このプロトコルでは、TIRF顕微鏡を使用して個々のイオンチャネルを追跡し、支持された脂質膜におけるそれらの活性を決定し、それによって側方膜の動きとチャネル機能の間の相互作用を定義する方法について説明します。メンブレンの準備、データの記録、および結果の分析方法について説明します。

Abstract

高解像度イメージング技術により、多くのイオンチャネルは静的ではなく、細孔形成と補助サブユニットの一時的な会合、横方向拡散、他のタンパク質とのクラスタリングなど、非常に動的なプロセスを受けることが示されています。しかし、横方向の拡散と機能の関係はよくわかっていません。この問題にアプローチするために、全反射蛍光(TIRF)顕微鏡を使用して、支持された脂質膜内の個々のチャネルの横方向の移動度と活性をどのように監視および相関させることができるかについて説明します。膜は、液滴界面二重層(DIB)技術を使用して極薄ヒドロゲル基板上に製造されます。他のタイプのモデルメンブレンと比較して、これらのメンブレンは機械的に堅牢であり、高感度の分析技術に適しているという利点があります。このプロトコルは、膜に近接したCa2+感受性色素の蛍光発光を観察することにより、単一チャネルを通る^Ca2+イオンフラックスを測定します。従来の単一分子追跡アプローチとは対照的に、膜内のラテラルムーブメントと機能を妨げる可能性のある蛍光融合タンパク質または標識は必要ありません。タンパク質の立体構造変化に関連するイオンフラックスの変化の可能性は、膜内のタンパク質の横方向の動きにのみ起因します。代表的な結果は、ミトコンドリアタンパク質転座チャネルTOM−CCおよび細菌チャネルOmpFを用いて示される。OmpFとは対照的に、TOM-CCのゲーティングは分子の閉じ込めと横方向拡散の性質に非常に敏感です。したがって、支持された液滴界面二重層は、横方向の拡散とイオンチャネルの機能との間のリンクを特徴付けるための強力なツールです。

Introduction

本プロトコルは、ポリマー支持液滴界面二重層(DIB)膜における膜タンパク質の膜移動度とイオンチャネル透過性との間の相関を研究する方法を説明することを目的とする^1,2,3。

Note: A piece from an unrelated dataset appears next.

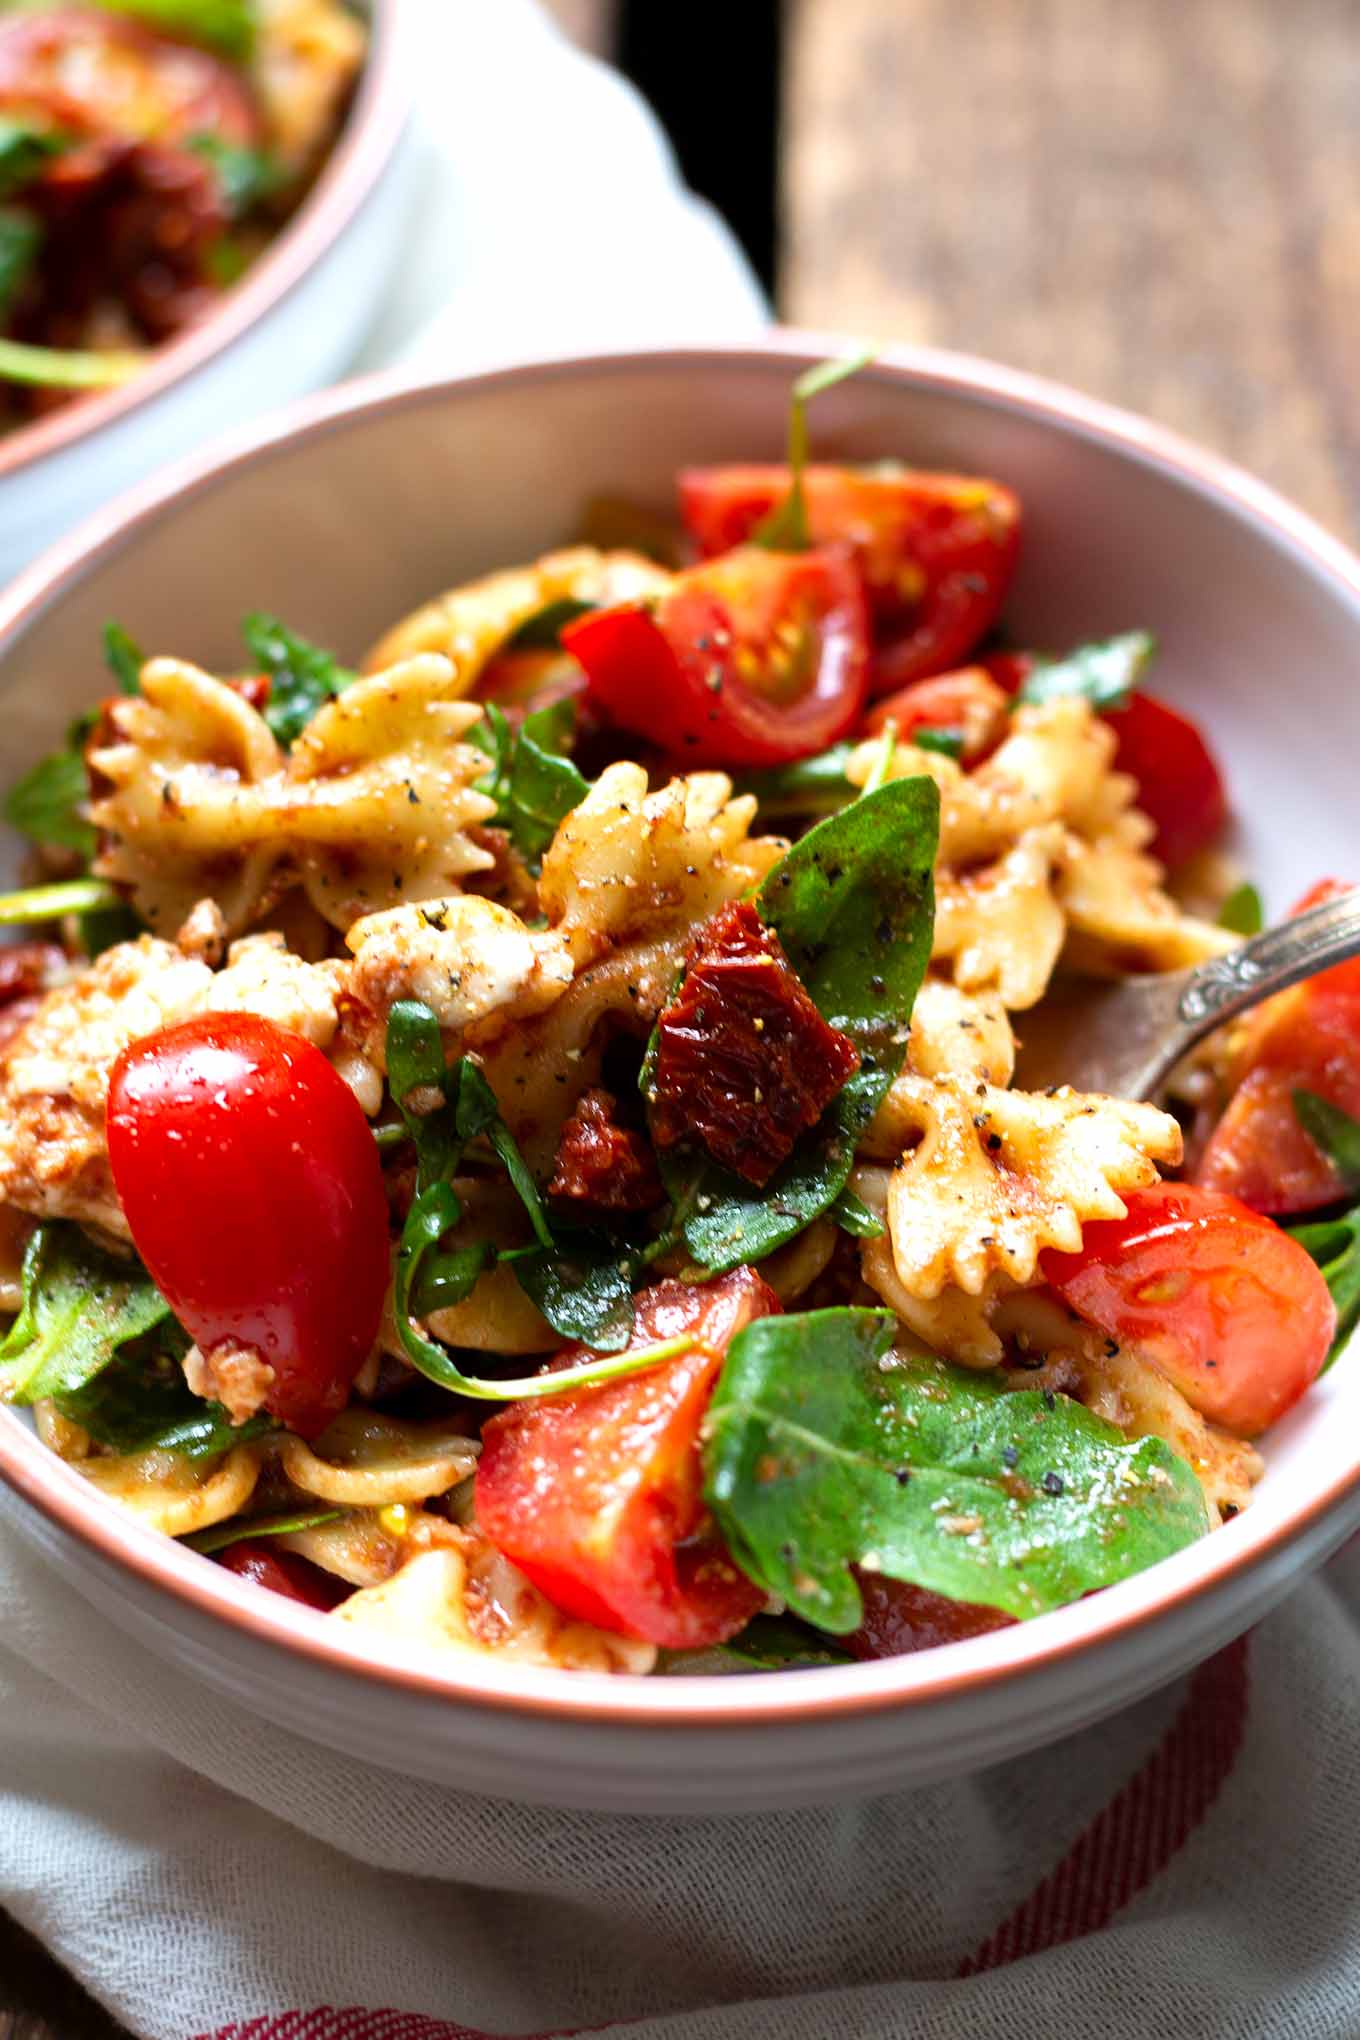 Einfacher italienischer Nudelsalat mit Rucola, getrockneten Tomaten und Mozzarella. Dieses 20-Minuten Rezept ist schnell und immer als erstes weg. - Kochkarussell.com #nudelsalat #salat #pasta #rezept #kochkarussell
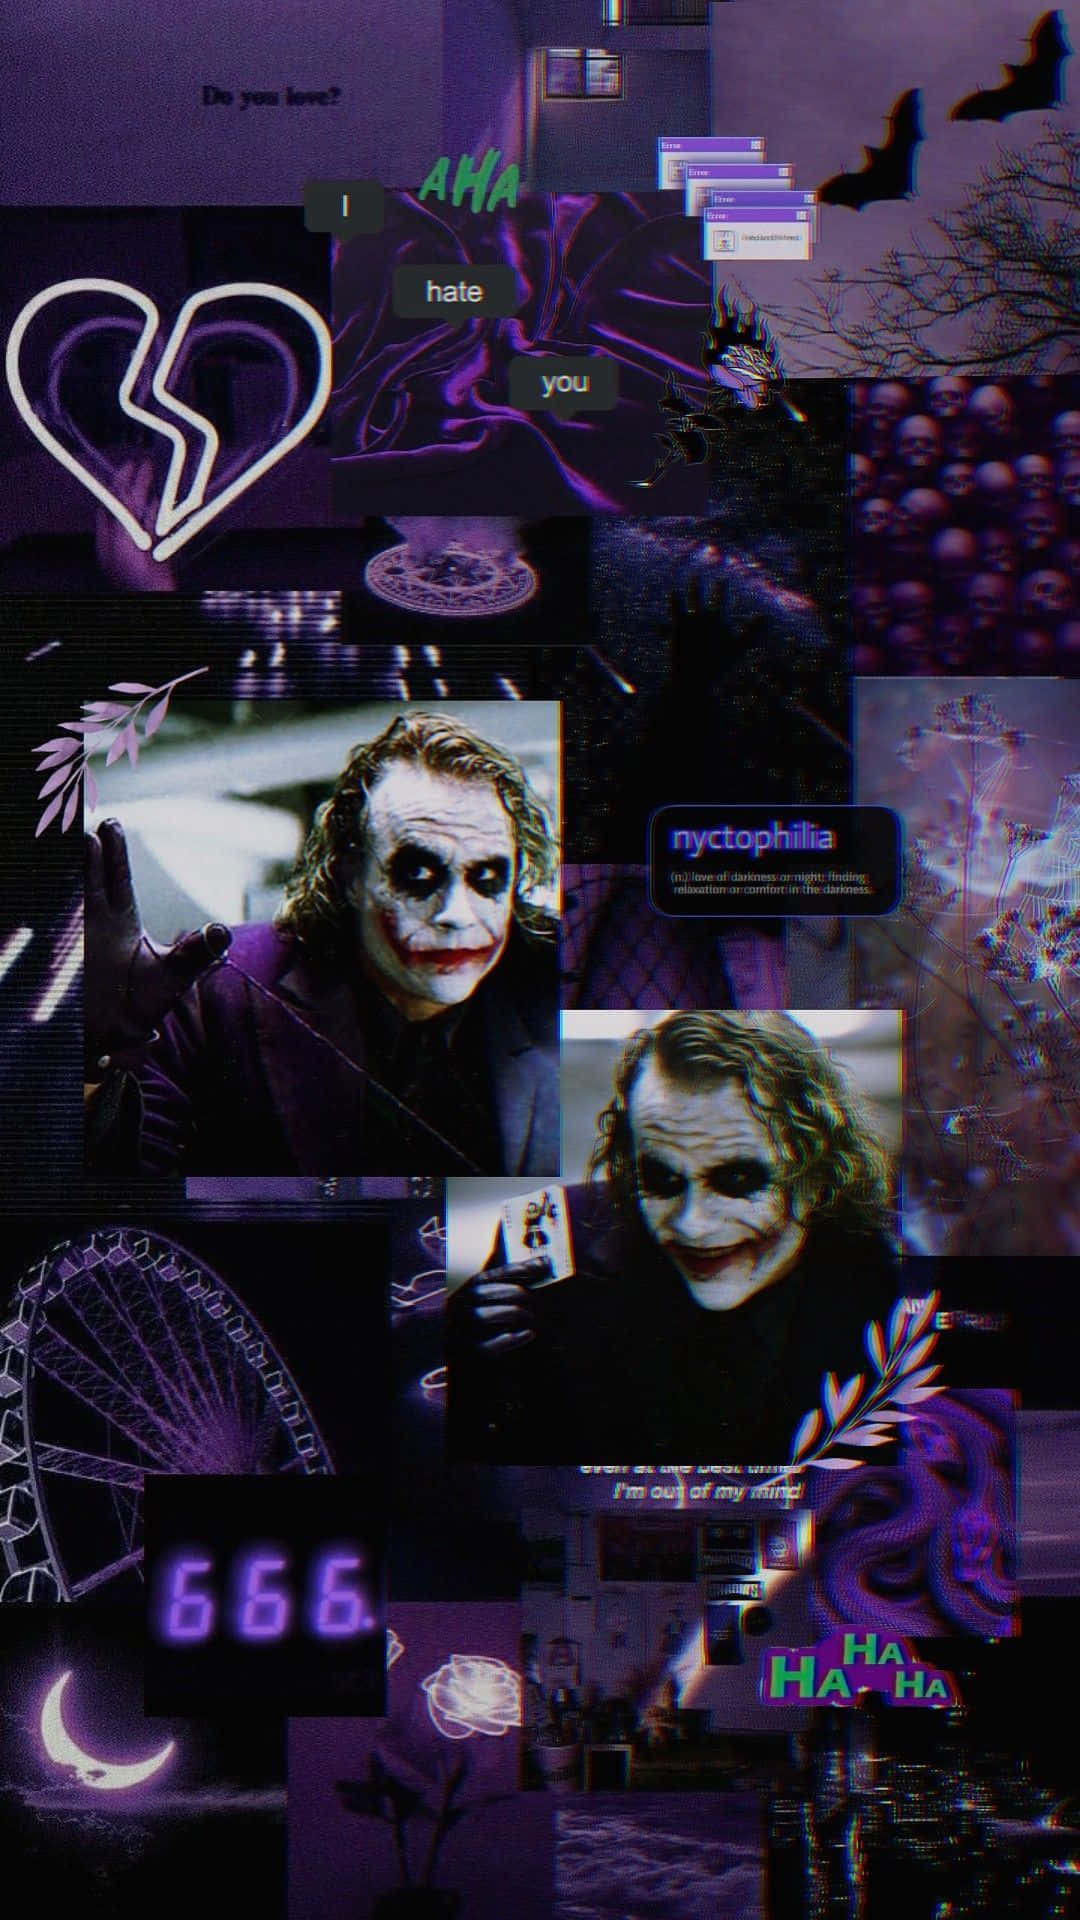 Joker: Joker - người hề đầy xấu xa nhưng lại khiến người ta bị cuốn hút bởi sự quyến rũ bí ẩn của mình. Những hình ảnh về anh ta sẽ đưa bạn vào những cung đường tăm tối của thành phố Gotham và khám phá ra bản chất thật sự của nhân vật này.

この技術は、単一粒子追跡^4,5、蛍光相関分光法^6,7、高速原子間力顕微鏡^8,9,10などの印象的な一連の高度な光学および表面分析ツールを補完します。これらは、膜ベースの反応に影響を与える膜の動的な組成と構造に関する貴重な洞察を提供します^11,12,13。タンパク質の移動と横方向の拡散は膜内のタンパク質の局所密度に依存しますが、個々のタンパク質分子は脂質ラフト¹⁴およびタンパク質間相互作用^15,16によってもトラップできます。膜から細胞外環境または細胞質ゾルに突き出ているタンパク質ドメインに応じて、タンパク質の移動性は、高度に可動性から完全に不動性まで変化し得る。しかしながら、膜およびその周辺構造の複雑さのために、側方移動性の性質とタンパク質機能との間の相互作用を解読することはしばしば困難である¹⁷。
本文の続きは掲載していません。